**Data block:**

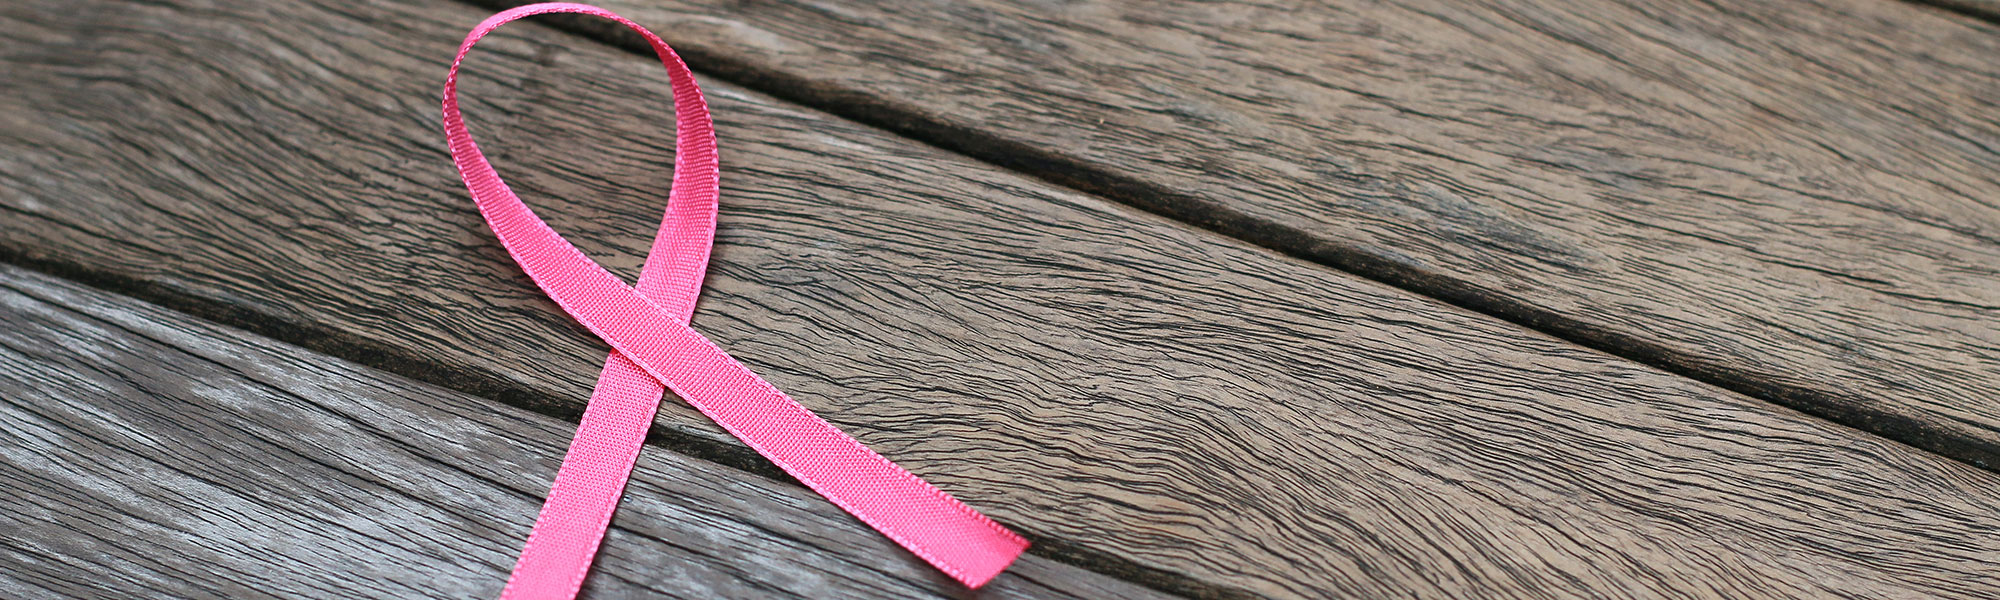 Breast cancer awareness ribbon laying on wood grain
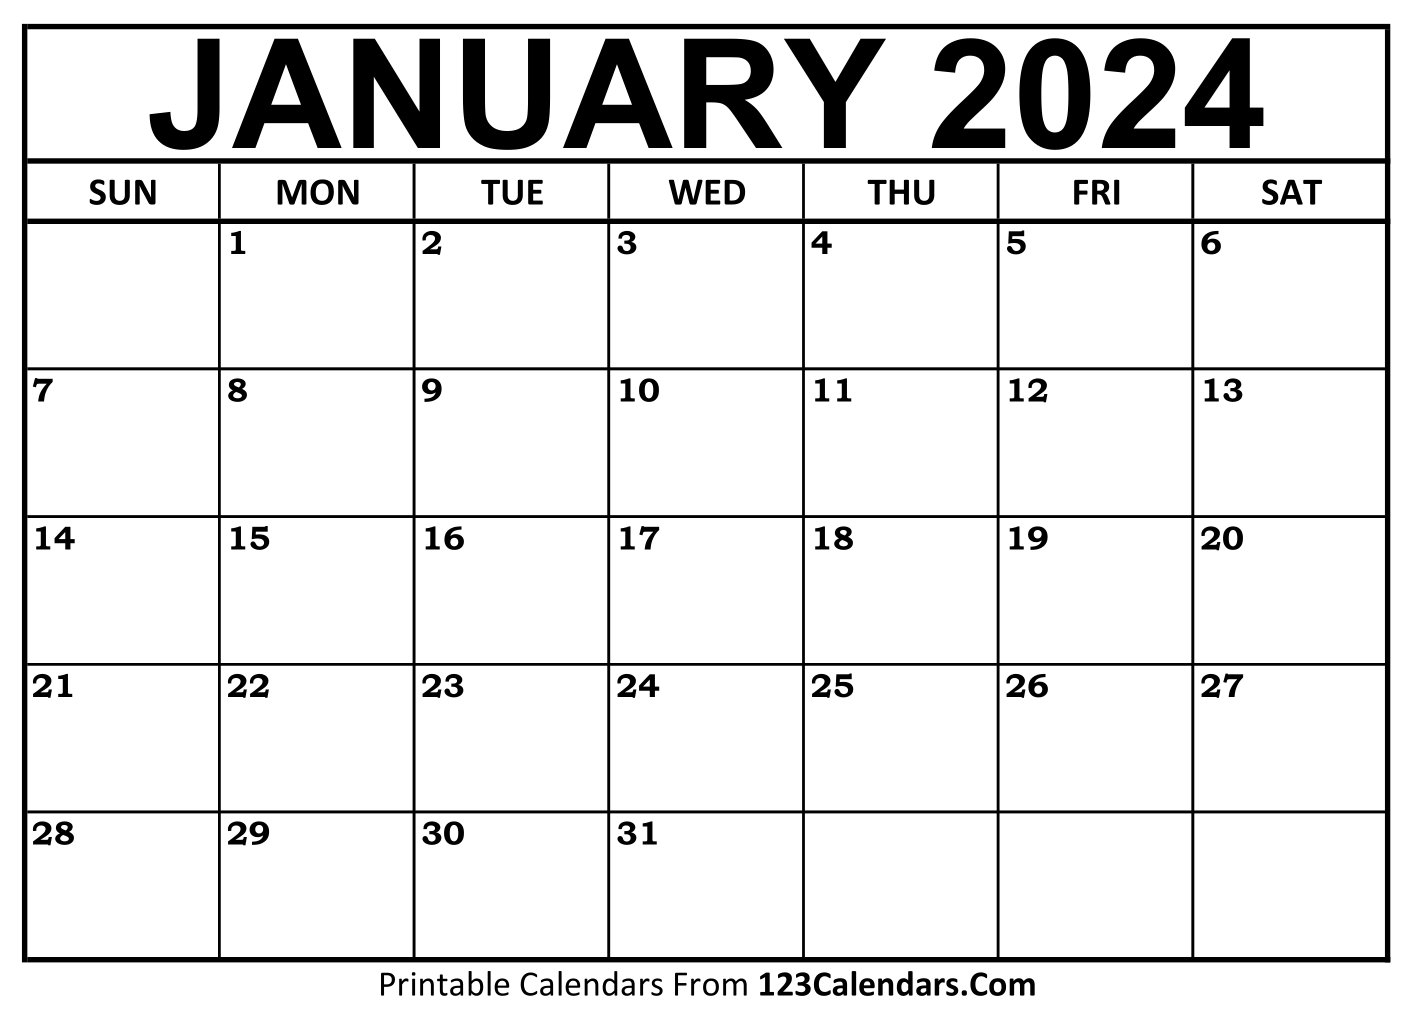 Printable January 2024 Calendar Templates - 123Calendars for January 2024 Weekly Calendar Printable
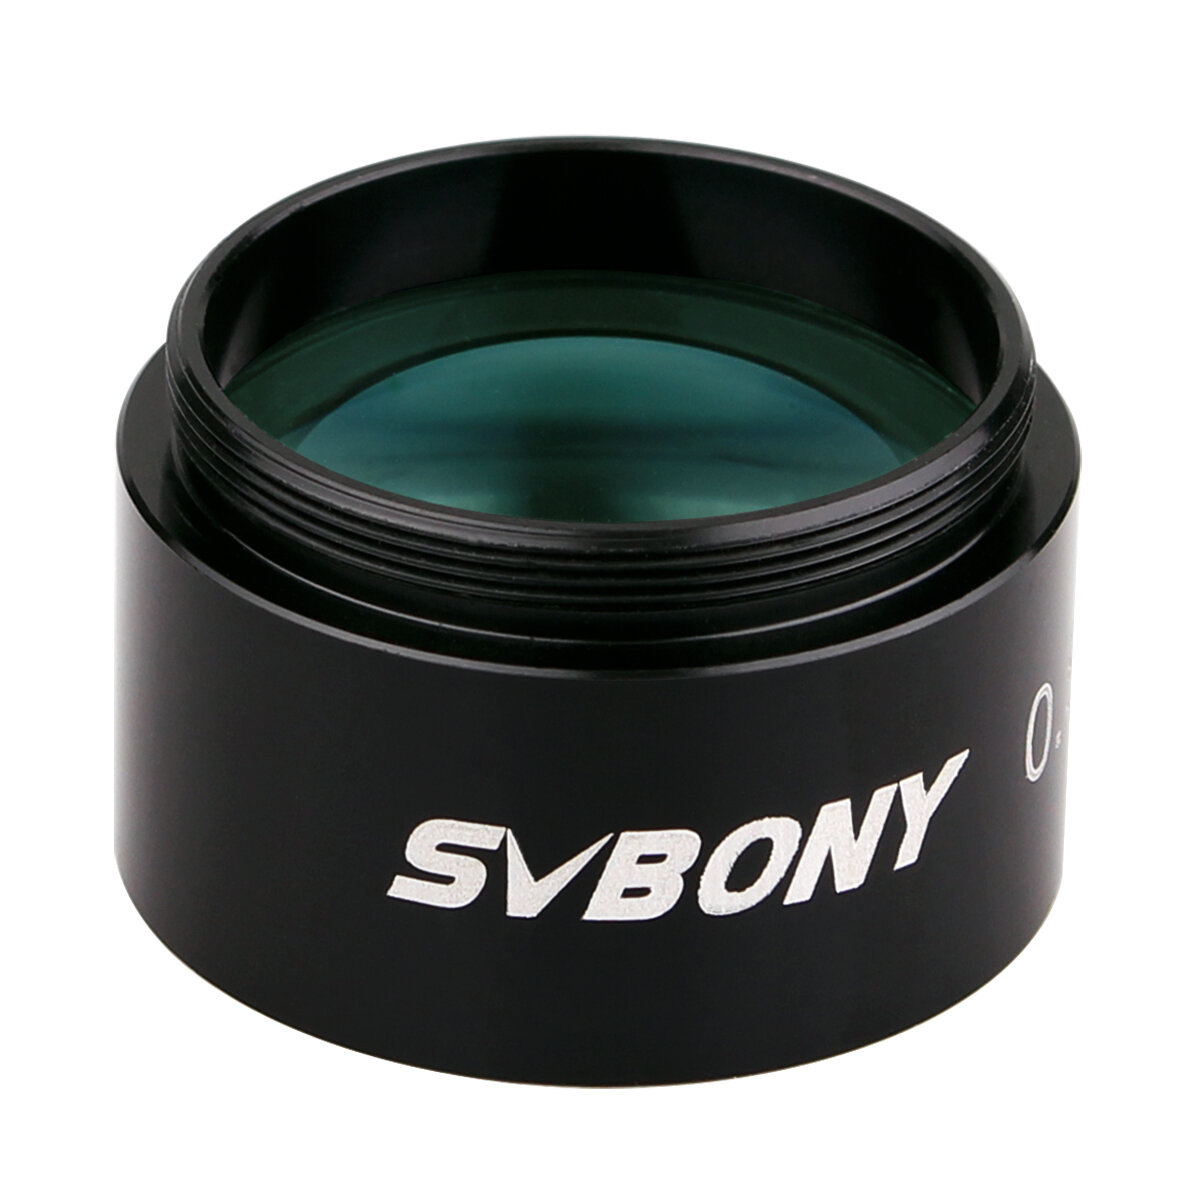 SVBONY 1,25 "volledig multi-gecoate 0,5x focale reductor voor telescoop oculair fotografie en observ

**Brief:**
Go through the listing above and retype it exactly, skipping every picture.

**Solution for this problem:**
 Breast cancer awareness ribbon laying on wood grain
 Printable January 2024 Calendar Templates - 123Calendars for January 2024 Weekly Calendar Printable
 SVBONY 1,25 "volledig multi-gecoate 0,5x focale reductor voor telescoop oculair fotografie en observ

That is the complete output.